Whatever your opinions on the idea of rehabilitation inside prisons or correctional facilities, it’s safe to say the best outcome for those within these systems are to be released as changed men and women. However, there are few chances for them to prove themselves.
From the beginning of their sentence, those inside the walls of prison will live the rest of their lives labelled as undesirable and dangerous. One’s value as a person is undermined, forced to live dehumanized. It’s a part of how punishing our society has chosen crime to be, but it also diminishes the hopeful ideal of what rehabilitation aims for.
Time and time again, prison builds an environment made to trap inmates into one restricting perspective of themselves as worthless or incapable of feeling the same emotions as those beyond the barbed wire. Squashing hope is normalized.
“Sing Sing” tells the dramatized story of a group of incarcerated men who participate in Sing Sing Correctional Facility’s theater program, Rehabilitation Through the Arts (RTA). In a delightful treat, the majority of the actors who play these men are comprised of real-world alumni of the program playing themselves.
This allows for an honest kindness to the movie. These actors are returning to places and headspaces which must surely come with traumatic memories of long sentences and bad choices. Yet, the cruelty isn’t the focus, a smart redirection of attention instead toward the value the theater program has on their lives.
The cast is incredibly comfortable together, shown time and time again through group exercises where these former murderers and robbers pretend to be walking like zombies, or introduce themselves as their characters or imagine themselves in another world. They’re goofy, sometimes triumphant, but there’s vulnerability in them.
During an exercise where the cast imagines themselves in their “one perfect spot,” and describes the feeling to the group. One of them describes laying on the grassy courtyard of Sing Sing and staring across the Hudson River, where he can see his mother. Another speaks of a picnic with his wife, describing the coffee sodas he shared with her, before mentioning she had passed six months ago. Yet another describes rushing over to the shaved ice truck, buying a cherry snow cone for a quarter, his lips and tongue getting red.
The movie witnesses the production of an original play called “Breaking the Mummy’s Code” through the viewpoints of two prisoners in John “Divine G” Whitfield, played by Colman Domingo, and Clarence “Divine Eye” Maclin, played by himself.
Divine G shows a clear difference in talent and education compared to everyone else, and becomes a leader for the rest of the group. Despite evidence being available to prove his innocence from the crime he’s convicted for, he’s still incarcerated. He tries to maintain his interest in the arts and his love of theater, but it constantly conflicts with a crushing setting like Sing Sing. Domingo pulls through with an astonishing performance which helps highlight the simultaneity of a man full of love for others, but can’t find the same love for himself.
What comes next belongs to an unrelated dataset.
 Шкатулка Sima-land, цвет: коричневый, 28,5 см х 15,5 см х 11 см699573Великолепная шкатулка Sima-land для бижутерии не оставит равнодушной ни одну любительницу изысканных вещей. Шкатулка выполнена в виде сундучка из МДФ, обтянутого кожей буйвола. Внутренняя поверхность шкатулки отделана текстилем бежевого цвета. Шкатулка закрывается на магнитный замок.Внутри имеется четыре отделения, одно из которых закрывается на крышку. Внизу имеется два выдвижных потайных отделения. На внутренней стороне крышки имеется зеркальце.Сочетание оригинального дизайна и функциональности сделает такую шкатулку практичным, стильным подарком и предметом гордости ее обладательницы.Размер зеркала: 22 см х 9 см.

He tries helping newcomer to the program Divine Eye, whose tough yard boss attitude clashes with the rest of the program. Divine G shares his favorite spot with him in Sing Sing, a corridor with a fenced gate. There’s a small hole in this gate, big enough to see the forest, the river and the world beyond the walls. Divine Eye berates Divine G for bringing him to a dark corner, too macho to appreciate the moment, too worried about getting jumped.
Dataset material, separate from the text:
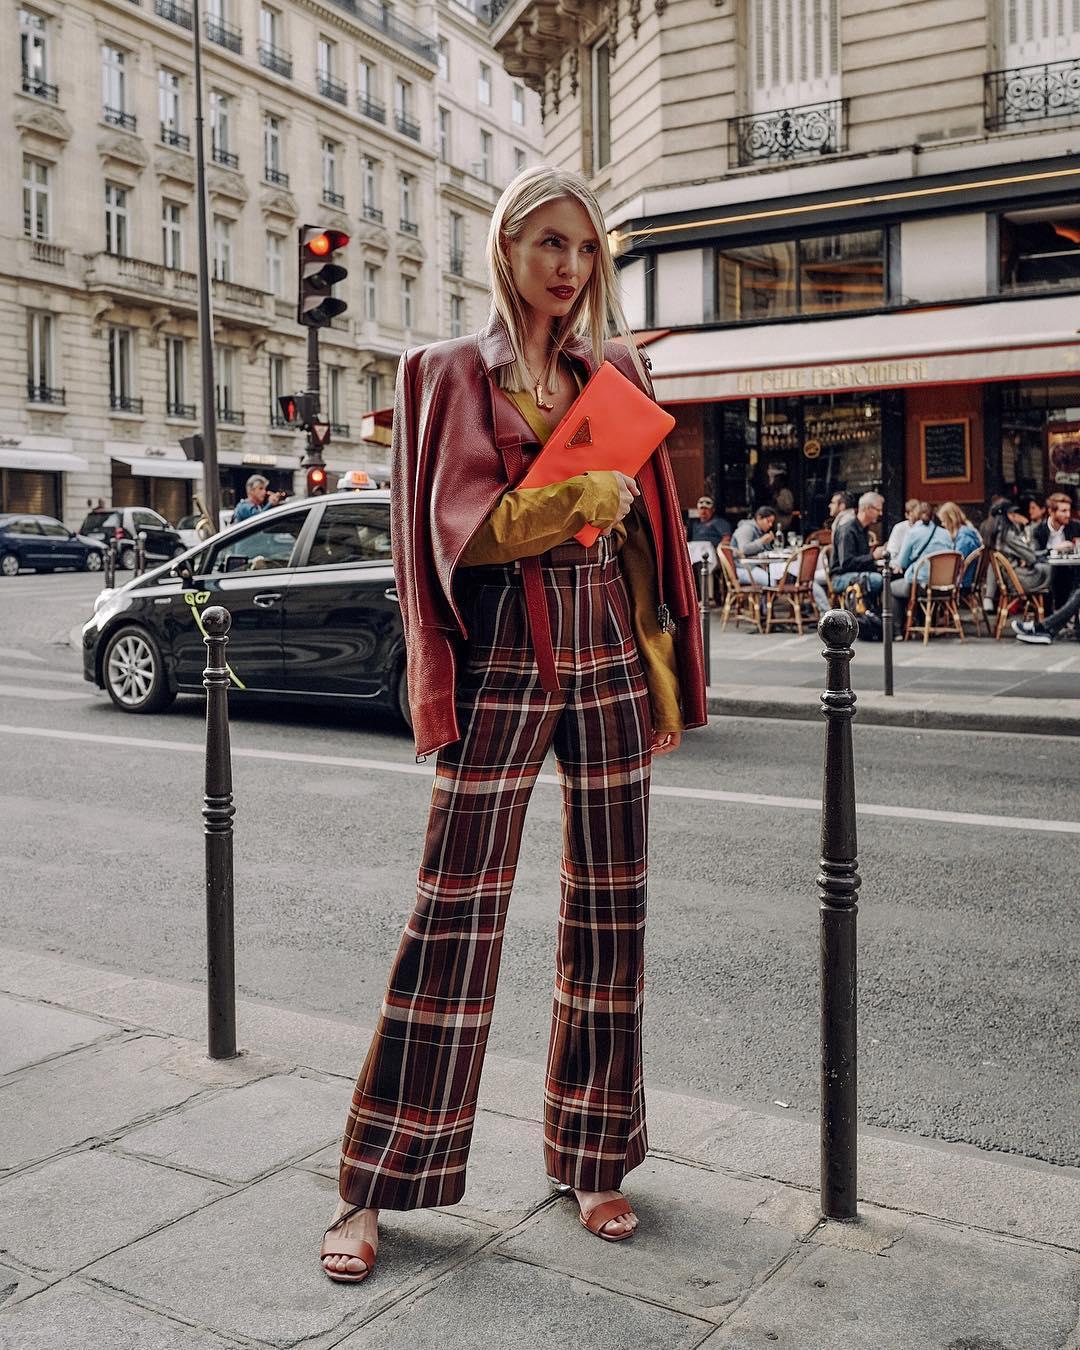 3f0b0ee10ad5 Yπόθεση Πουλόβερ  Η αγαπημένη fashion blogger Rachel Parcell μας δείχνει  ποια πουλόβερ να αγοράσουμε φέτος

Yet, they are able to instill a bond together, helping each other break past the limitations which come with imprisonment. It’s not always easy, and as the day of the show draws near, the program almost falls apart.
Planted visual imagery of yellow envelopes (thin for freedom, thick for another year) allows for unspoken storytelling. Scenes are intercut with glimpses of the land beyond fences and barbed wire, the weight of being chained to the sentence always there. Divine G’s cell, initially well-maintained with stacks of books and pictures on the wall, is one day ransacked in a search, with the guards leaving the cell’s tidy structure completely ruined. It’s crushing.
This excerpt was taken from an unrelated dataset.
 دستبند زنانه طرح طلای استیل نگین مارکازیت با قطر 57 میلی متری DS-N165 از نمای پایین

There’s no physical violence, except a single scene where the cast members rush on stage in front of potential donors, where they have to all pretend to be in one large battle. The actors flail about as if in slowmo, with Divine G winning the performed battle and delivering a gladiator yell, before quickly collapsing his voice into a meek “thank you.” Even while in performance, these actors find themselves in a self-conscious effort to appear nonthreatening.
Yet, in every moment where these prisoners take the stage, they shed their green jackets and turn into real performers. To anyone who has felt the joy of performance, “Sing Sing” captures the magic beautifully. All baggage melts away as these prisoners transcend their chains.
What makes “Sing Sing” work is the sincerity. To have a movie like this which celebrates the energy and the euphoria in performance with a cast comprised of those who truly value it makes “Sing Sing” essential viewing. These men are nervous and twitchy, but they get excited and revel when praised for their performances. They’re human, just like any of us.
For an industry which analyzes tragedy far more than it takes time to enjoy its own artistry, a movie like “Sing Sing” is invaluable in today’s landscape. It clutches its real-world context not as a buoy for authenticity, like so many other movies based on a true story, but instead finds a way to ingrain it into every part of the production itself.